Lab Note · updated 2026-06-19
Measure Where It Matters
Adaptive, uncertainty-driven acquisition treats the microscope as part of the model — spending photons and time only where the image is uncertain or the biology is happening, instead of scanning everything uniformly.
The problem — Most pipelines treat the microscope as a fixed source: acquire a whole field at one uniform setting, then analyze whatever comes out. But uniform acquisition spends the same photons and the same time on empty background as on the one dividing cell that matters — bleaching the sample and burning the clock everywhere equally. Worse, the regions you under-sampled are exactly where a downstream model is most likely to hallucinate, inventing structure that was never measured. The acquisition you skipped becomes the error you can't see.
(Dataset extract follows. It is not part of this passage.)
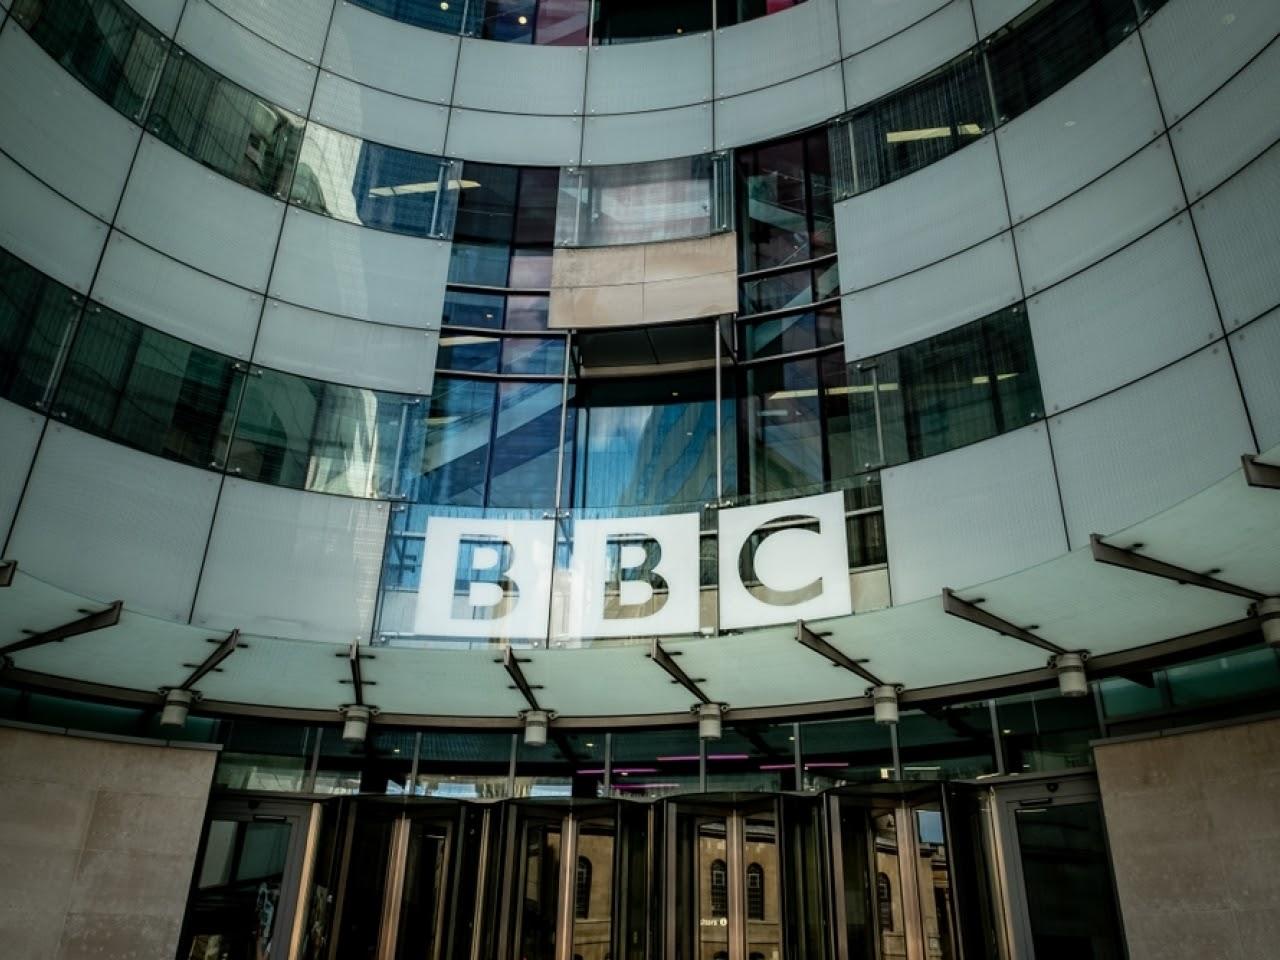 Beijing's media regulator say it's banning BBC World News. File image: Shutterstock

What it is / how it works — Adaptive, closed-loop acquisition closes the gap between measuring and modeling. A fast, low-dose pass is run through a model that reports not just an image but where it is unsure (or where the science is), and the system then re-measures only those regions. Ye et al. make the cleanest case in optical microscopy: a network denoises and predicts pixel-wise uncertainty (via distribution-free conformal prediction, one forward pass), then rescans only the most uncertain pixels — up to a 16× reduction in acquisition time and light dose on real confocal and multiphoton systems, while the uncertainty map pinpoints and then erases hallucinations. The same logic, generalized, is the Bayesian active-learning program (Ziatdinov & Kalinin): a surrogate plus an acquisition function picks the next measurement — the same machinery that makes Bayesian optimization sample-efficient for expensive black-box problems — decisive when imaging is destructive or irreversible. And it is already biological and real-time — event-driven microfluidic systems autofocus and segment live cells in tens to hundreds of milliseconds (Friederich et al.; Seiffarth et al.), and the optical analog recovers aberration corrections by optimizing an image-quality metric directly (Yeminy & Katz).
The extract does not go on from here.